INPUT DATA:

########################################

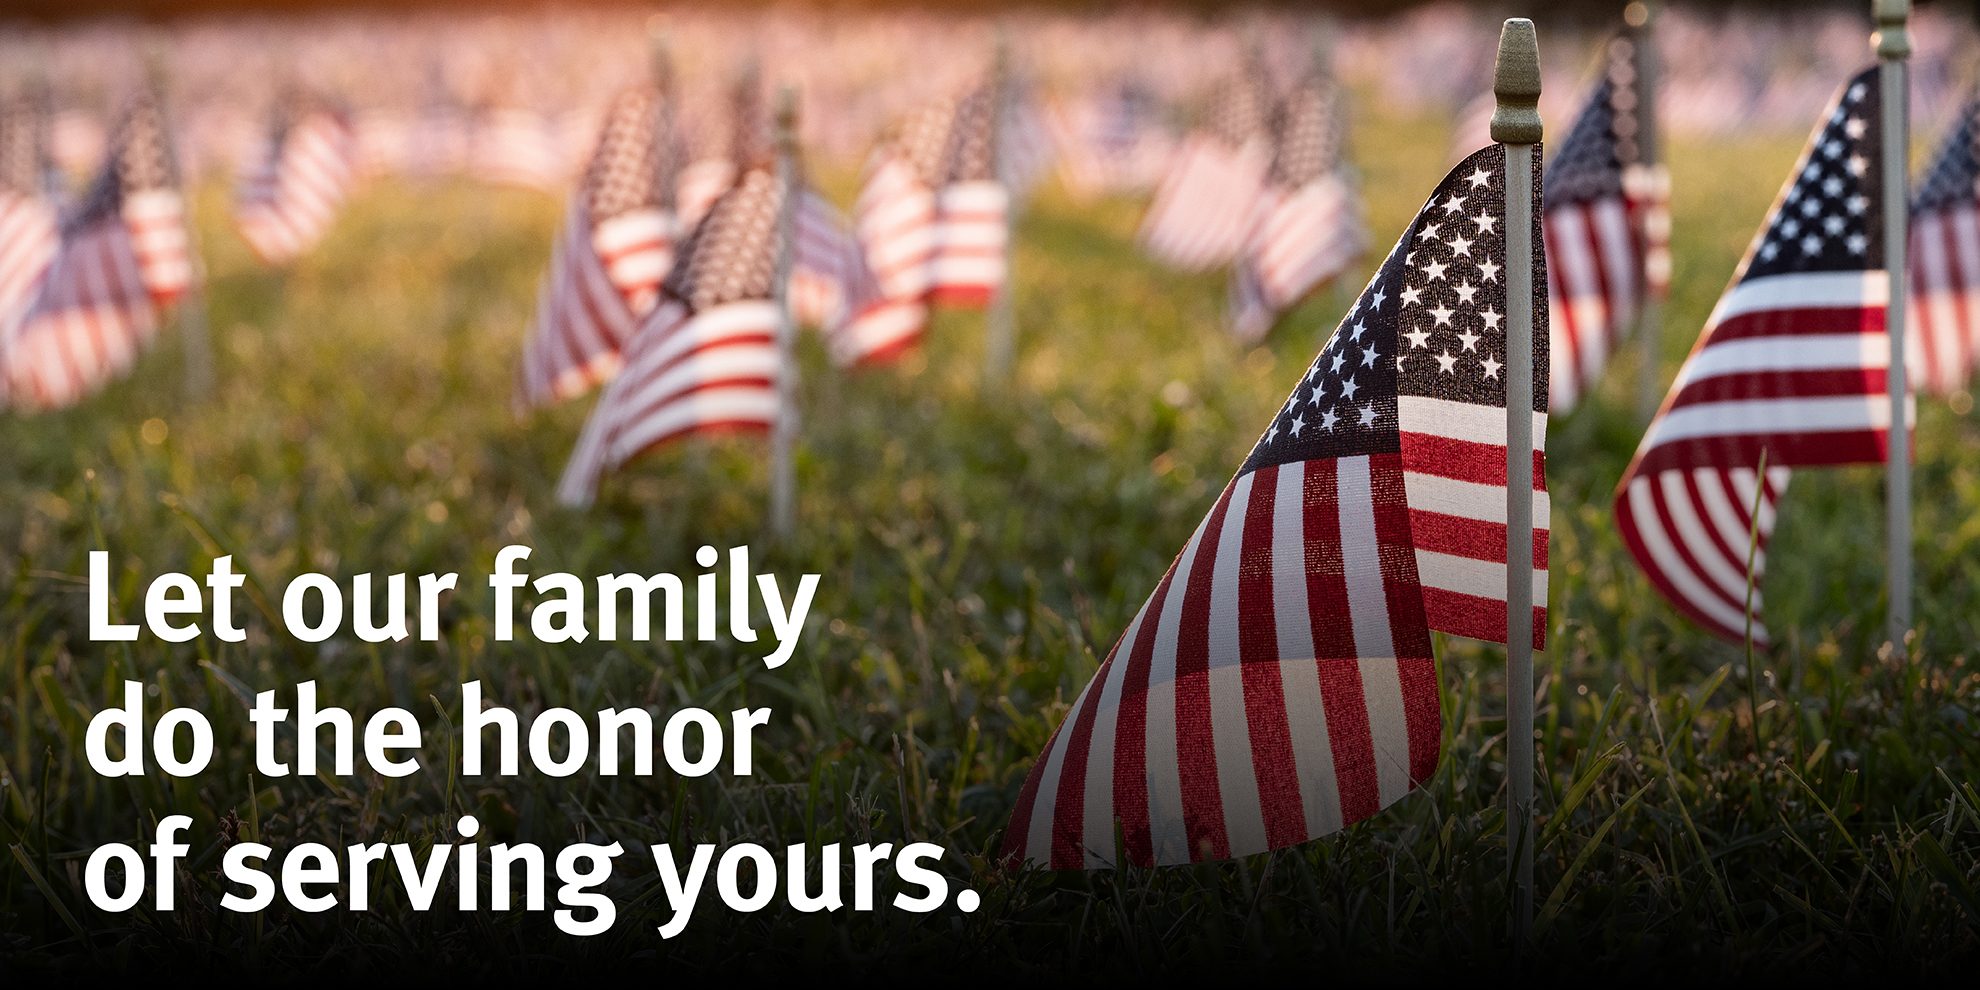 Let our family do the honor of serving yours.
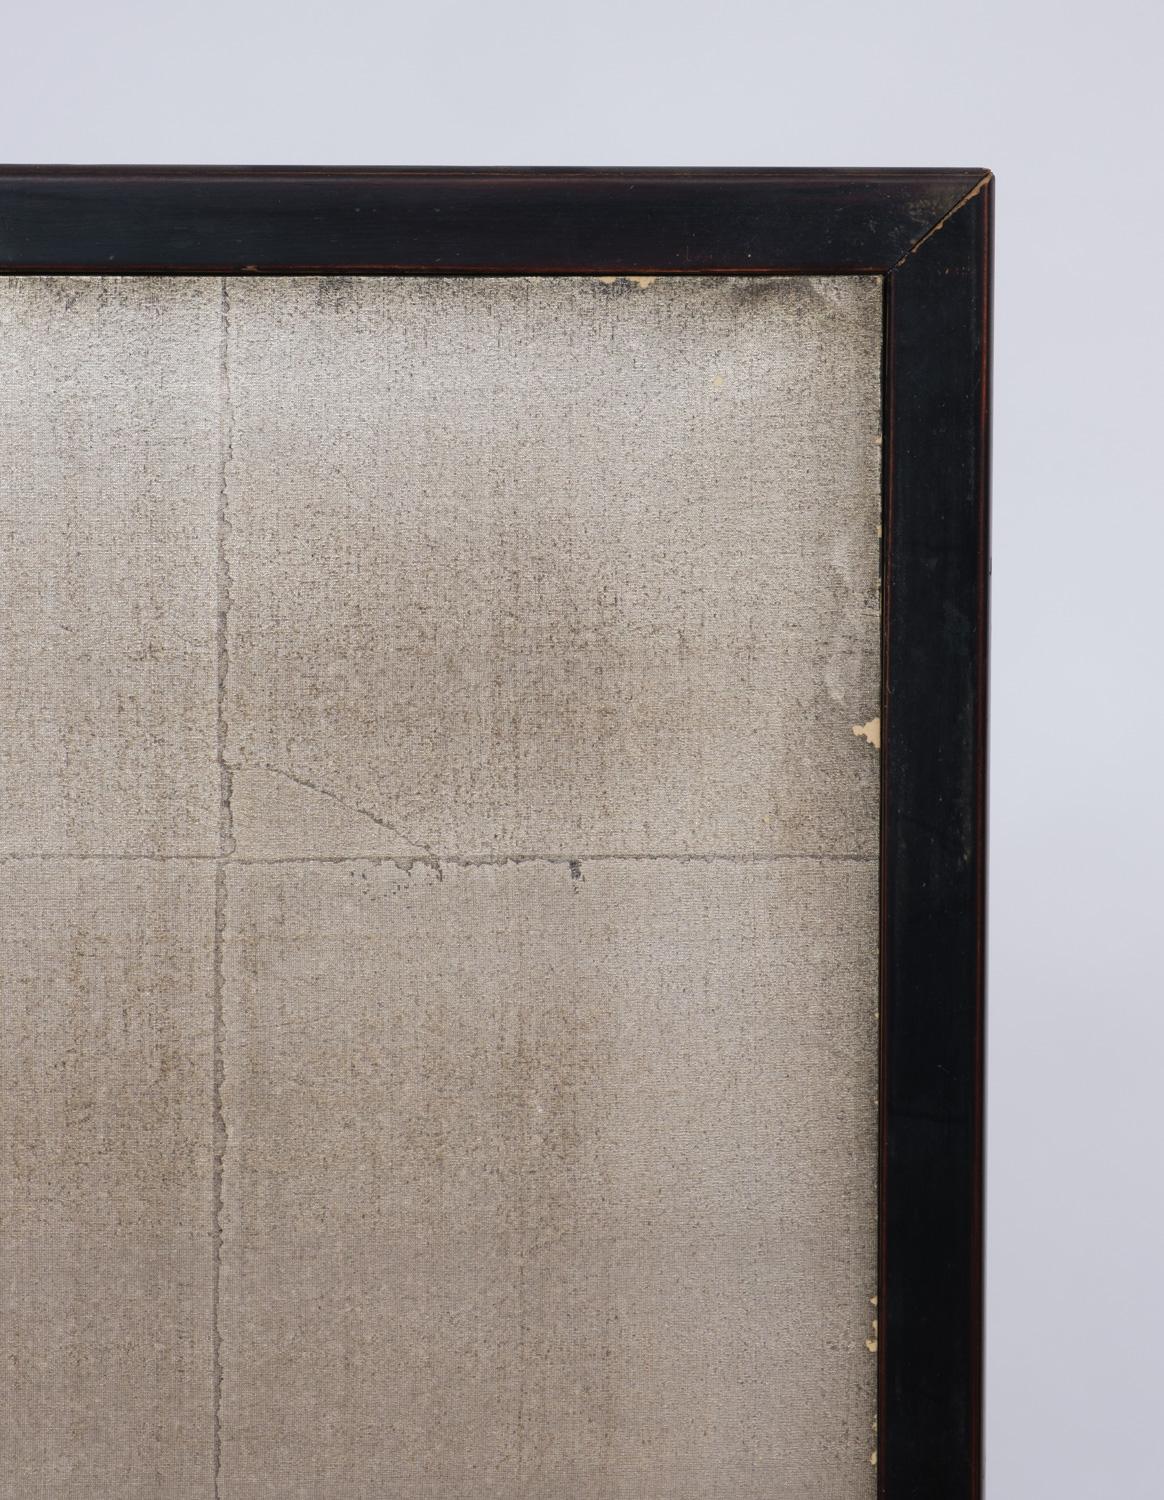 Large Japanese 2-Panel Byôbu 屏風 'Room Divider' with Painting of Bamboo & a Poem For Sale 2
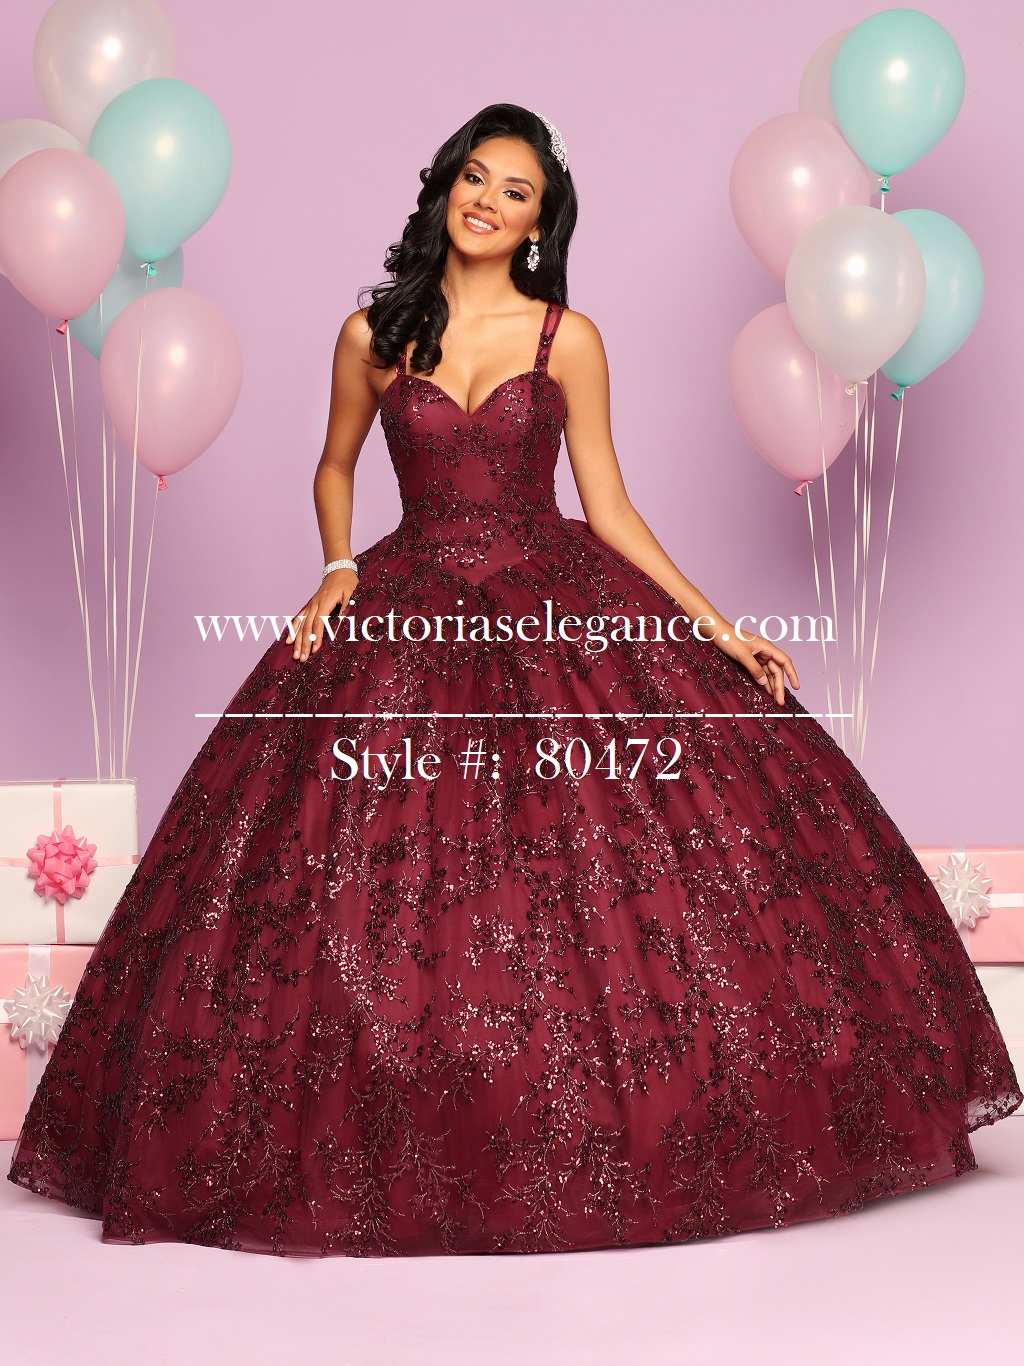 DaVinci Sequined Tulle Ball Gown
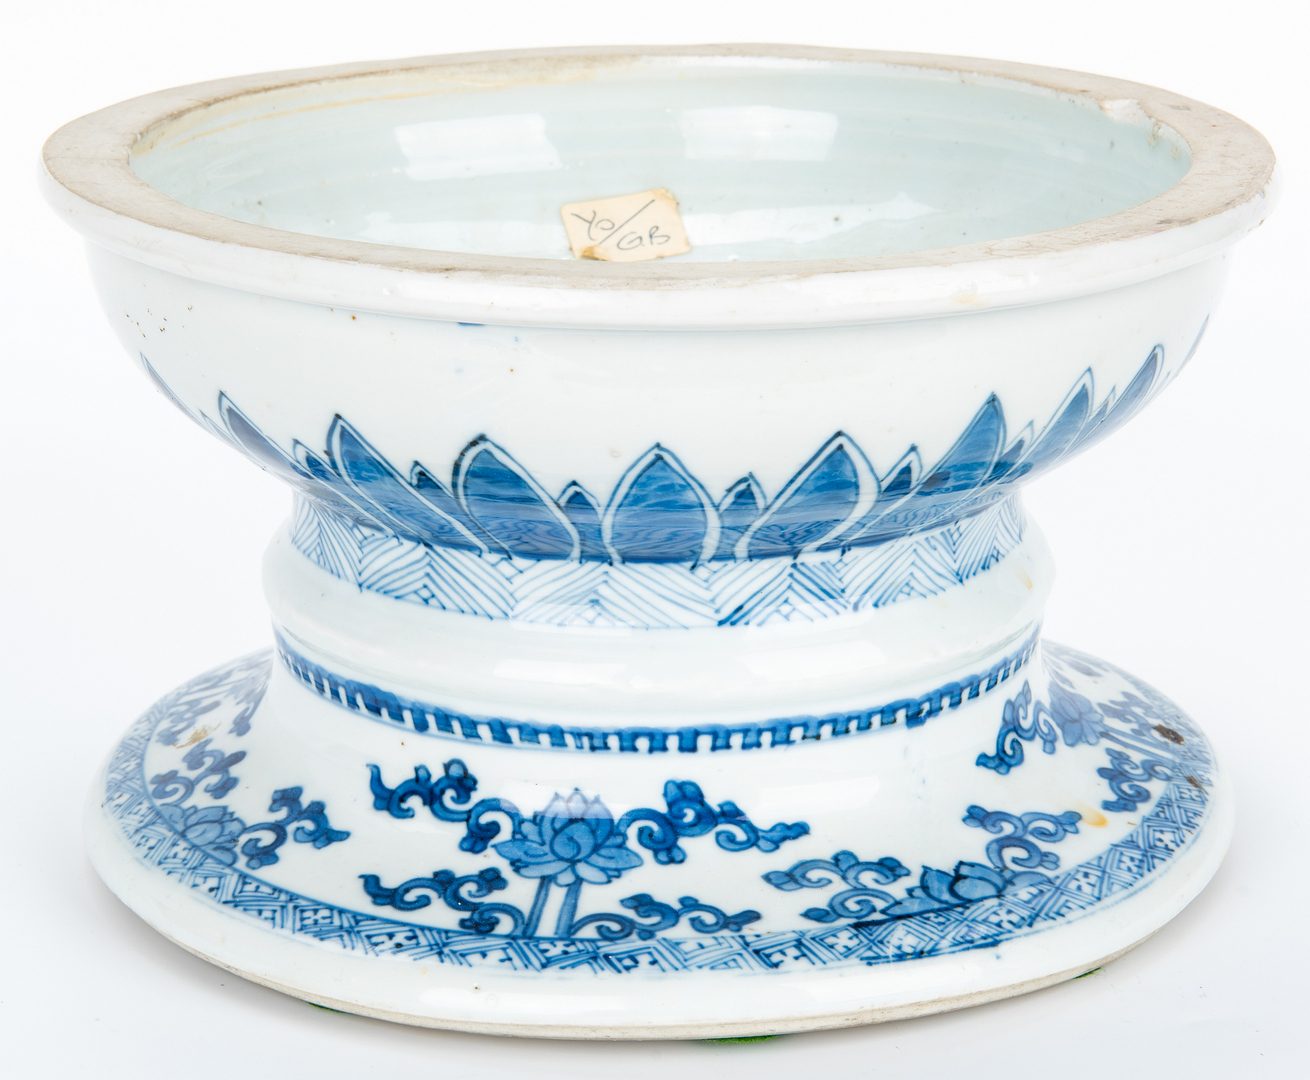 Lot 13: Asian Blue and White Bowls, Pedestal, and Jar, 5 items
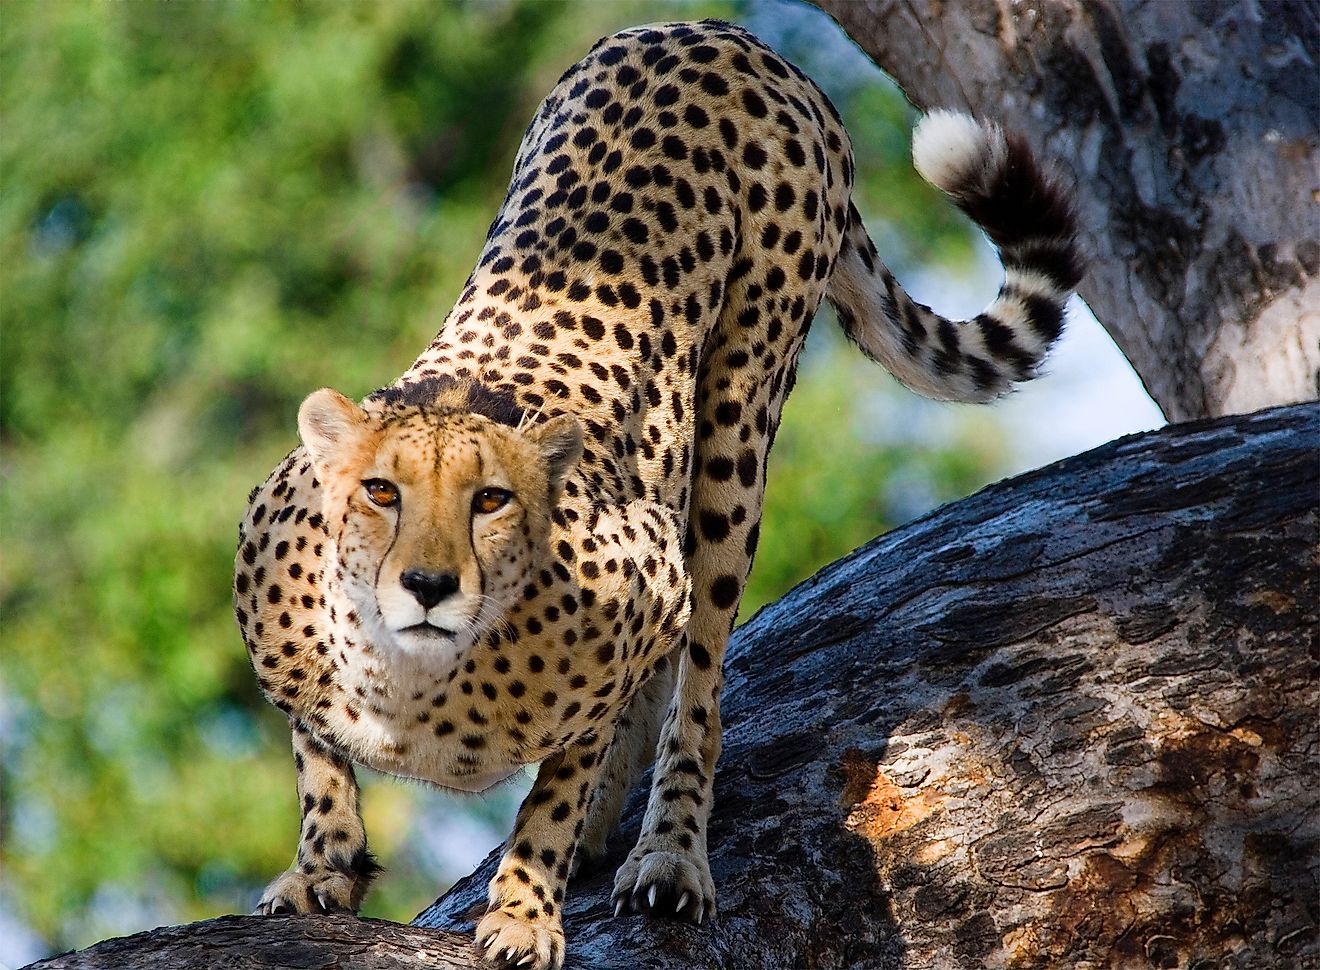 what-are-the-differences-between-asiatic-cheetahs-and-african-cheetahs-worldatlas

########################################

WORK ORDER:
Write out exactly, and only, the lines from the line holding "DaVinci Sequined Tulle Ball Gown" through the end of the data, inclusive, without any pictures.

TASK OUTPUT:
 DaVinci Sequined Tulle Ball Gown
 Lot 13: Asian Blue and White Bowls, Pedestal, and Jar, 5 items
 what-are-the-differences-between-asiatic-cheetahs-and-african-cheetahs-worldatlas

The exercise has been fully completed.